From the first line to the last, copy the listing exactly and omit the images.

Segment Start: INFORMATION SHOWN

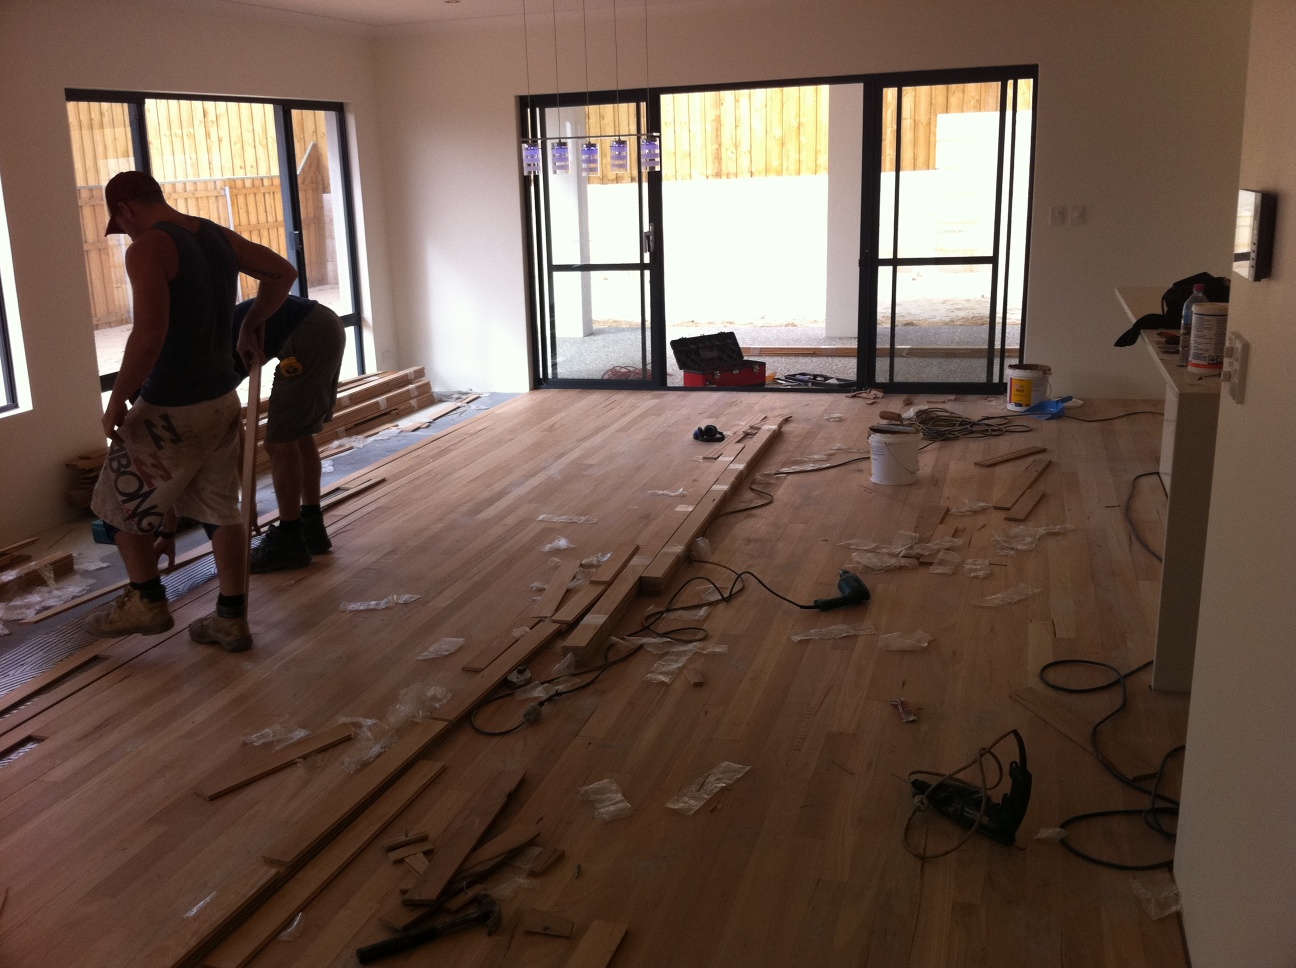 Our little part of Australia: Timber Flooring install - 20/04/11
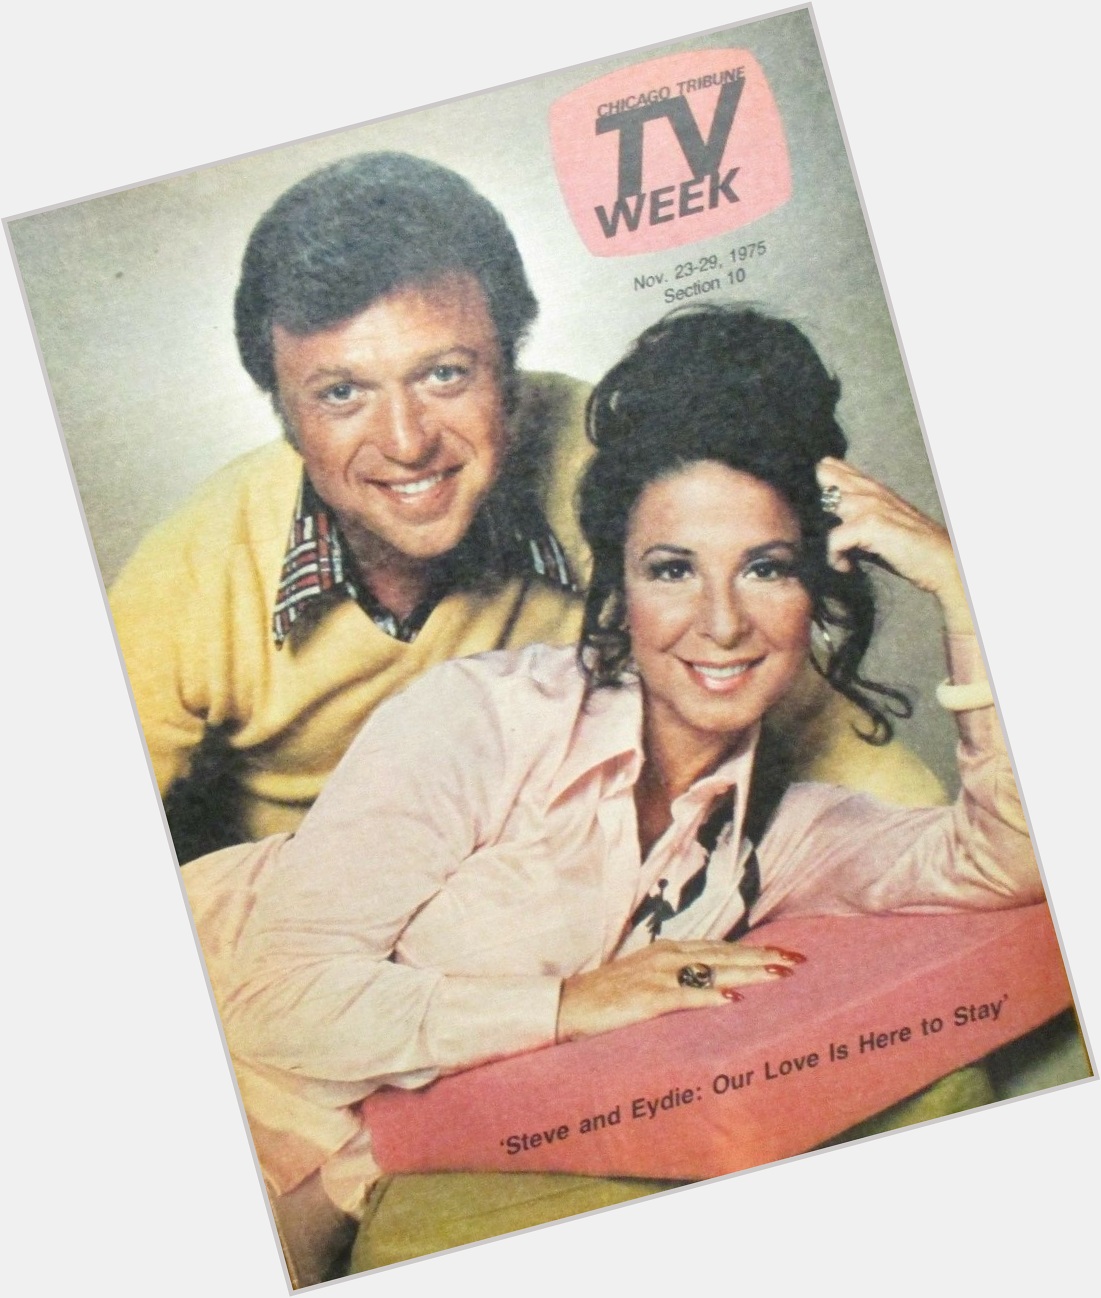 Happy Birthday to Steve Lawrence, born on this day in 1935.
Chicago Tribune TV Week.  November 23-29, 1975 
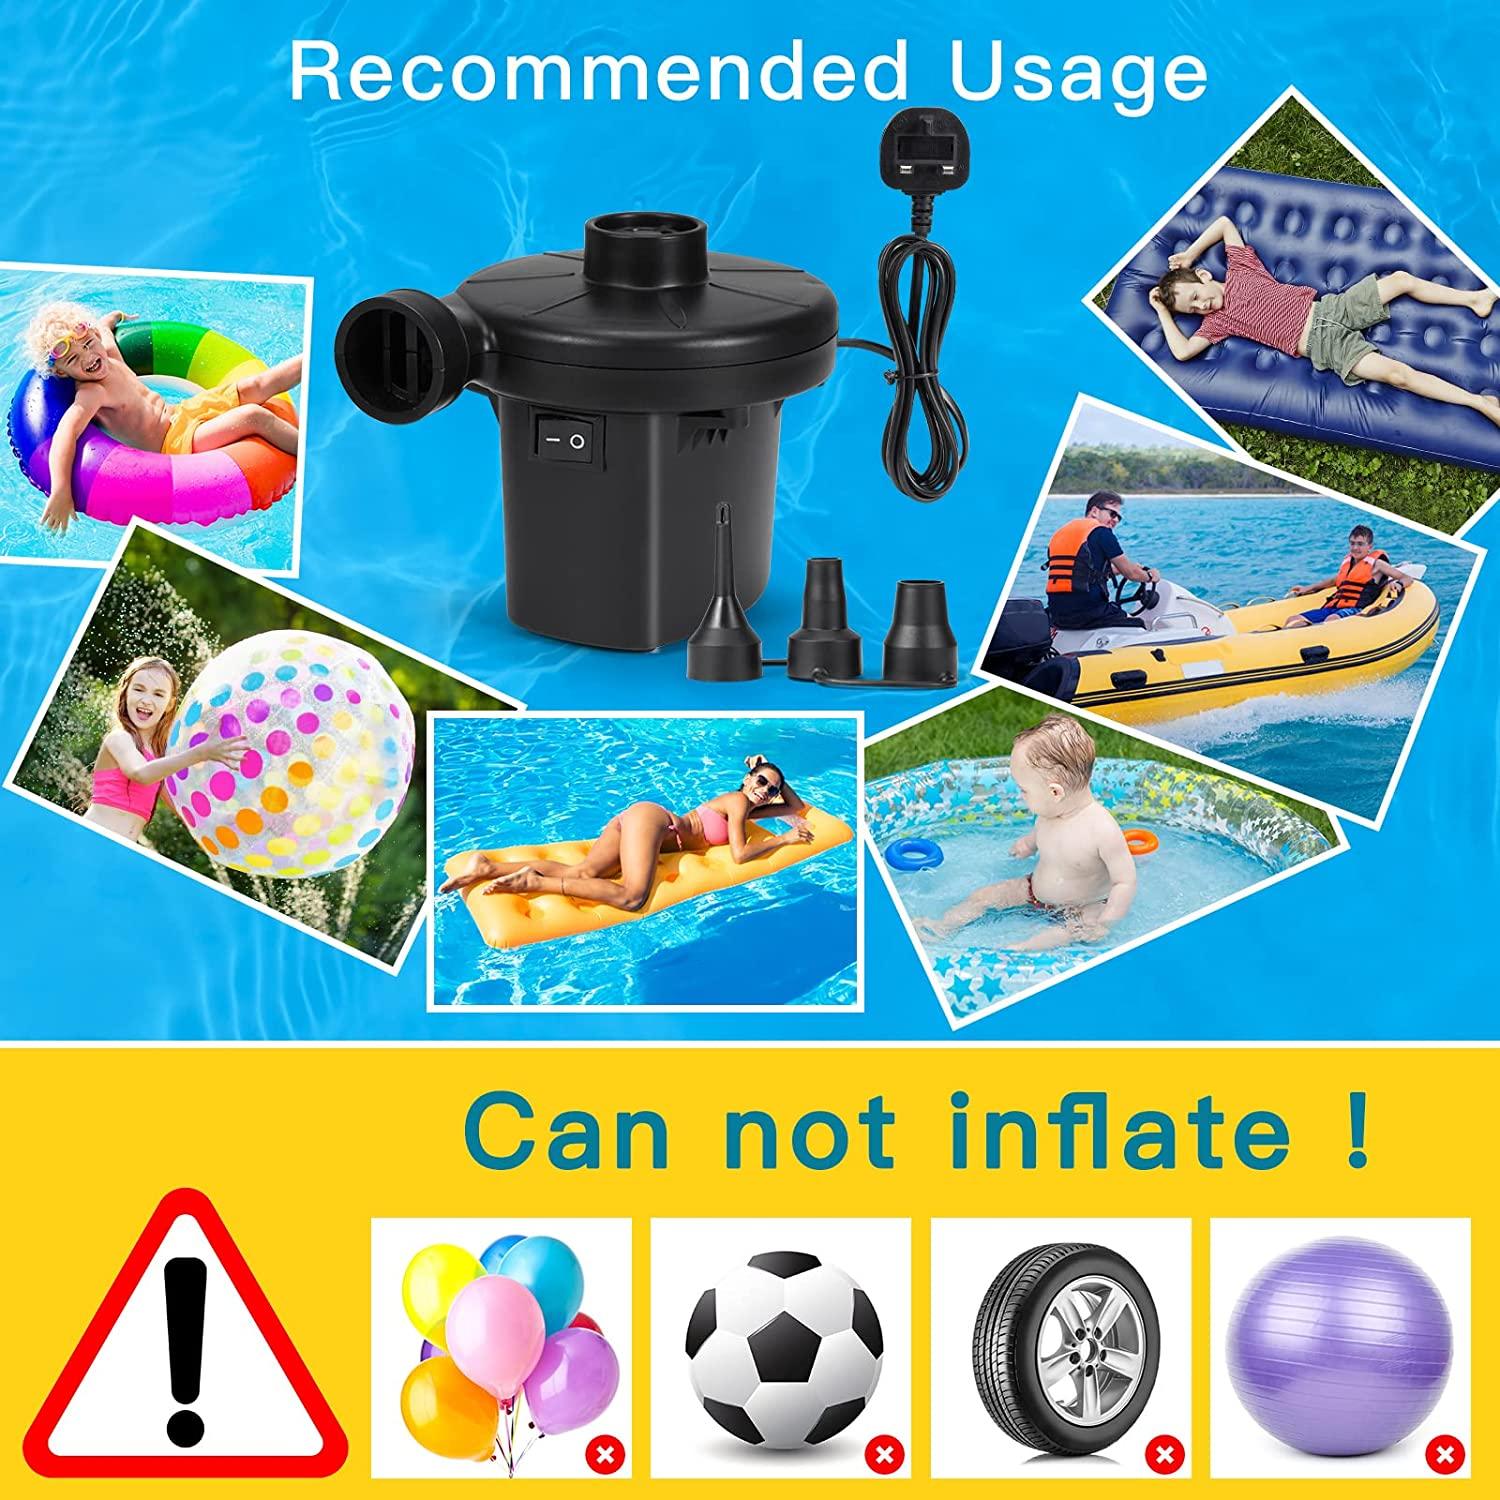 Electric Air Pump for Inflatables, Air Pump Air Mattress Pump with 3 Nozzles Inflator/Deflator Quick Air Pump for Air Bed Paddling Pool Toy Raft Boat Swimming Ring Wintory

Segment End: INFORMATION SHOWN

> [RESULT]:
 Our little part of Australia: Timber Flooring install - 20/04/11
 Happy Birthday to Steve Lawrence, born on this day in 1935.
Chicago Tribune TV Week.  November 23-29, 1975 
 Electric Air Pump for Inflatables, Air Pump Air Mattress Pump with 3 Nozzles Inflator/Deflator Quick Air Pump for Air Bed Paddling Pool Toy Raft Boat Swimming Ring Wintory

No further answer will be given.